Re: get first and last date of a month

Hi

to get the last date of the particular month
the below one line script works

echo `cal 4 2005`| awk '{print $NF}'
This gives the last last day of the April 2005 so you can pass the month and year as arguments if required..
for the current month
echo `cal`| awk '{print $NF}'

For the first date of the month it is no doubt that every month starts with 1st
Honored Contributor Honored Contributor

Re: get first and last date of a month

Hi,
please see here for a number of solutions for a similar problem:
http://forums1.itrc.hp.com/service/forums/questionanswer.do?threadId=237796

cal and awk
or
caljd.sh by A. Clay
Honored Contributor Honored Contributor

Re: get first and last date of a month

Here's a script that just uses cal with some simple tools to extract:

- name of the month (October)
- day of the week for 1st day (Sun)
- last day number in the month (31)
- day of the week for the last day (Tue)

given month and year.
-------------------------------------

#!/usr/bin/sh
# usage: firstlast MM YY (or YYYY)

export PATH=/usr/bin
set -A DAY Sun Mon Tue Wed Thu Fri Sat
MYNAME=${0##*/}

function Usage
{
[ $# -gt 0 ] && echo "\n$@"
cat << EOF

Usage: $MYNAME MM YY
where: MM = month number (1-12)
and: YY = year (2 or 4 digits)

EOF
exit
}

[ $# -ne 2 ] && Usage
MON=$1
[ $MON -lt 1 -o $MON -gt 12 ] && Usage "Month not 1-12"
YEAR=$2
[ $YEAR -lt 100 ] && let YEAR=YEAR+2000
MONTHNAME=$(cal $MON $YEAR | head -1 | awk '{print $1}')

# WKQTY is the number of elements on the week line
WKQTY=$(cal $MON $YEAR | head -3 | tail -1 | wc -w)

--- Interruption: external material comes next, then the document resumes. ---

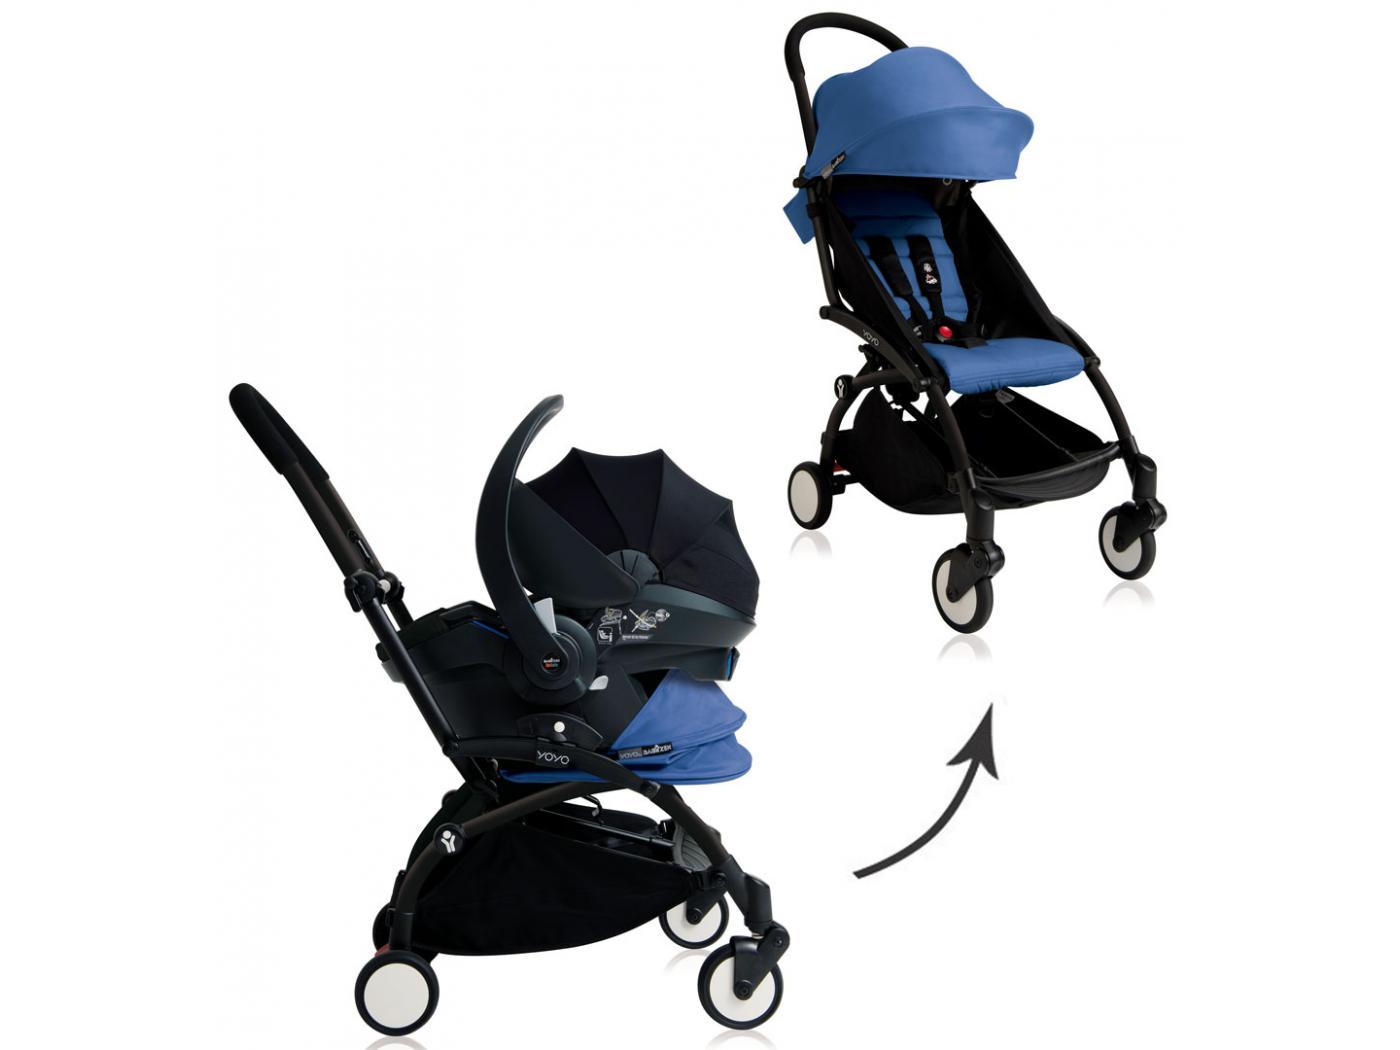 recognized brands hot sale classic styles BU057 - Nouvelle poussette Babyzen Yoyo plus complète cadre noir habillages  0+ et 6+ bleu et siège auto Babyzen Besafe noir
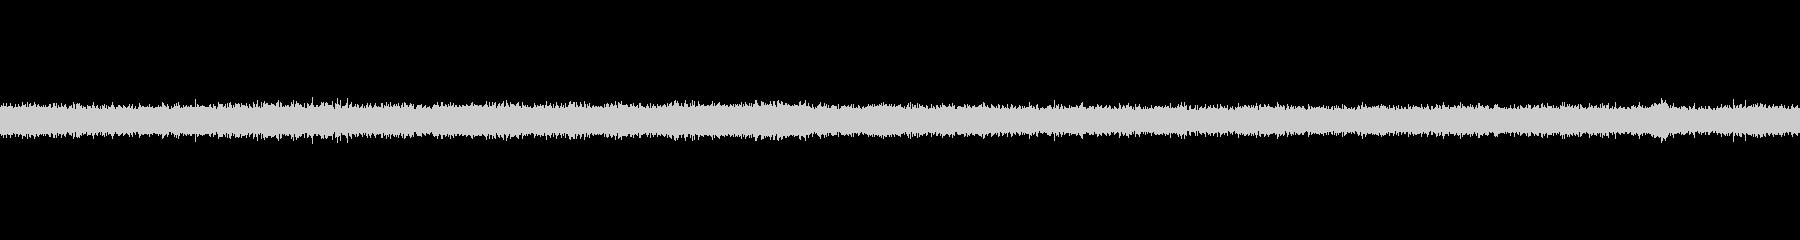 虫の鳴き声2の未再生の波形

# The number of days in the first week for cal will define
# which day the 1st falls on. Just subtract the $WKQTY from
# 7 and that will be the array index for the weekday
let WKDAYINDEX=7-$WKQTY
WKDAY1ST=${DAY[$WKDAYINDEX]}

LASTDAY=$(echo $(cal $MON $YEAR) | awk '{print $NF}')
# WKQTY is the number of elements in the last week
# Subtract 1 to get the index for day of week $DAY
WKQTY="$(cal $MON $YEAR | grep $LASTDAY | wc -w)"
let WKDAYINDEX=$WKQTY-1
WKDAYLAST=${DAY[$WKDAYINDEX]}

echo "\nmonth $MONTHNAME $YEAR"
echo " first day 1 is $WKDAY1ST"
echo " last day $LASTDAY is $WKDAYLAST"
echo
cal $MON $YEAR

-------------------------------------
No need to use all the code - just extract the portion that you need (such as $LASTDAY=)
Respected Contributor Respected Contributor

Re: get first and last date of a month

Here is a Perl script that will work

#!/usr/bin/perl
use Date::Manip;

$now=&UnixDate("today","%m/%d/%Y");

@years=(qw/2004 2005 2006/);
foreach $years(@years) {
print("The Following is the Last Day of the Months for $years\n");
foreach(qw/January February March April May June July August September October
November December/) {
$date1=&UnixDate("last day in $_ $years","%m/%d/%Y");
print("$date1\n");
if($date1=~/$now/) {
pass $date1 to sql statement
}

Hope this helps

Honored Contributor Honored Contributor

Re: get first and last date of a month

try setting these variables in your shell script to get the first and last day of the month:

firstDay=$(cal | awk 'BEGIN{RS=""}{print $10}')

lastDay=$(cal | awk 'BEGIN{RS=""}{print $NF}')

~hope it helps